There are aspirations I have for restoring a better way of interrupting life and normality so that we can come through future challenges in a way which is closer to who we want to be both as individuals and as a society.

So, in this hinterland of life interrupted let us prepare to do better.

Let us prepare to listen to those who are experiencing the agony of aloneness and mental health fatigue and breakdown. We have to attend better to the issues that  mean that people are struggling in their mental health with the interruption of the normal – we are all creatures of habit to a greater or lesser extent and the habits of our humanity have been thrown out of kilter. There are countless who have suffered in isolation and who today are anxious over the prospects of their future, potentially being unemployed or unable to achieve their dreams and aspirations.

Let us prepare to do better in supporting those who have lost loved ones during the pandemic and who might do so in the future. We have to do better at talking about death and dying, to stop ourselves becoming numb to the statistics of death and start finding a vocabulary that enables us to speak and to share grief with one another. In England hundreds have died from this virus in the past week yet their deaths are diminished by political silence and absence from media comment. We have to do better at working at the solace of comforting one another.
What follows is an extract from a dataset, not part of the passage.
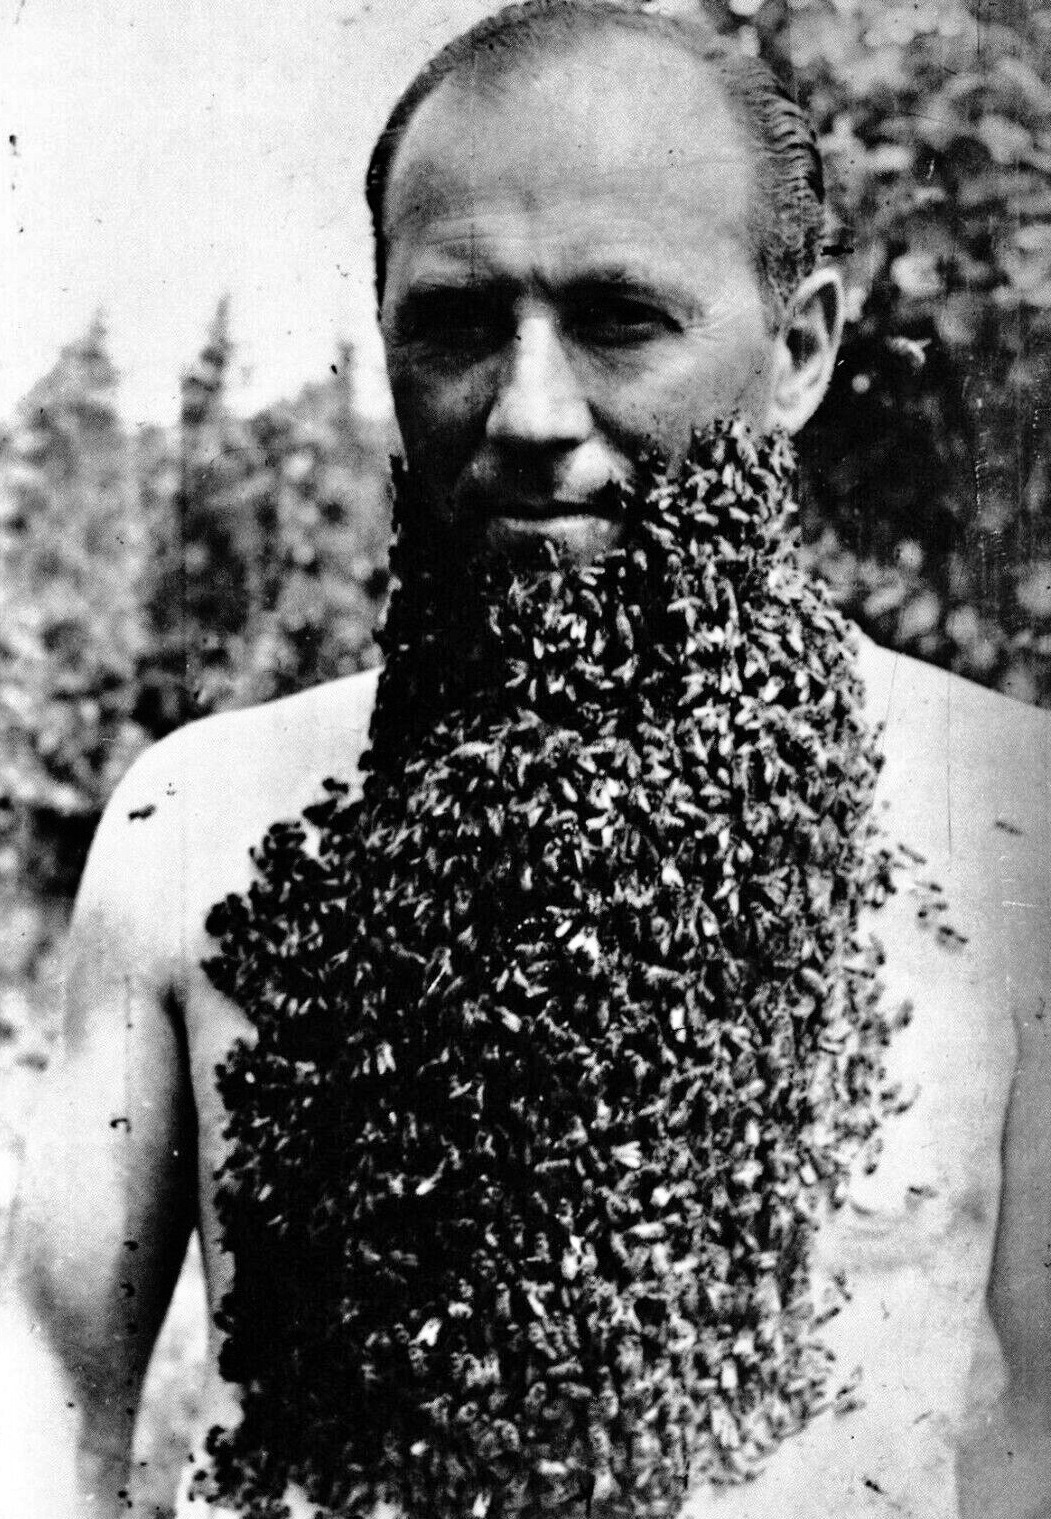 Barbe abeilles, Celeste Antoniucci de Mar del Plata, Argentine, 1960.

Let us prepare to do better in our care homes by really listening to what residents and families want in these changed times. We have to start to really include and involve people whose lives have been turned upside down by the pandemic. Emergency response may have justified non-inclusive action and decision-making, but in these times and moving forward we have to find better ways at making sure the autonomy and individual rights of those who reside in care homes and their families are considered just as important as the views of ‘experts’, professionals and staff.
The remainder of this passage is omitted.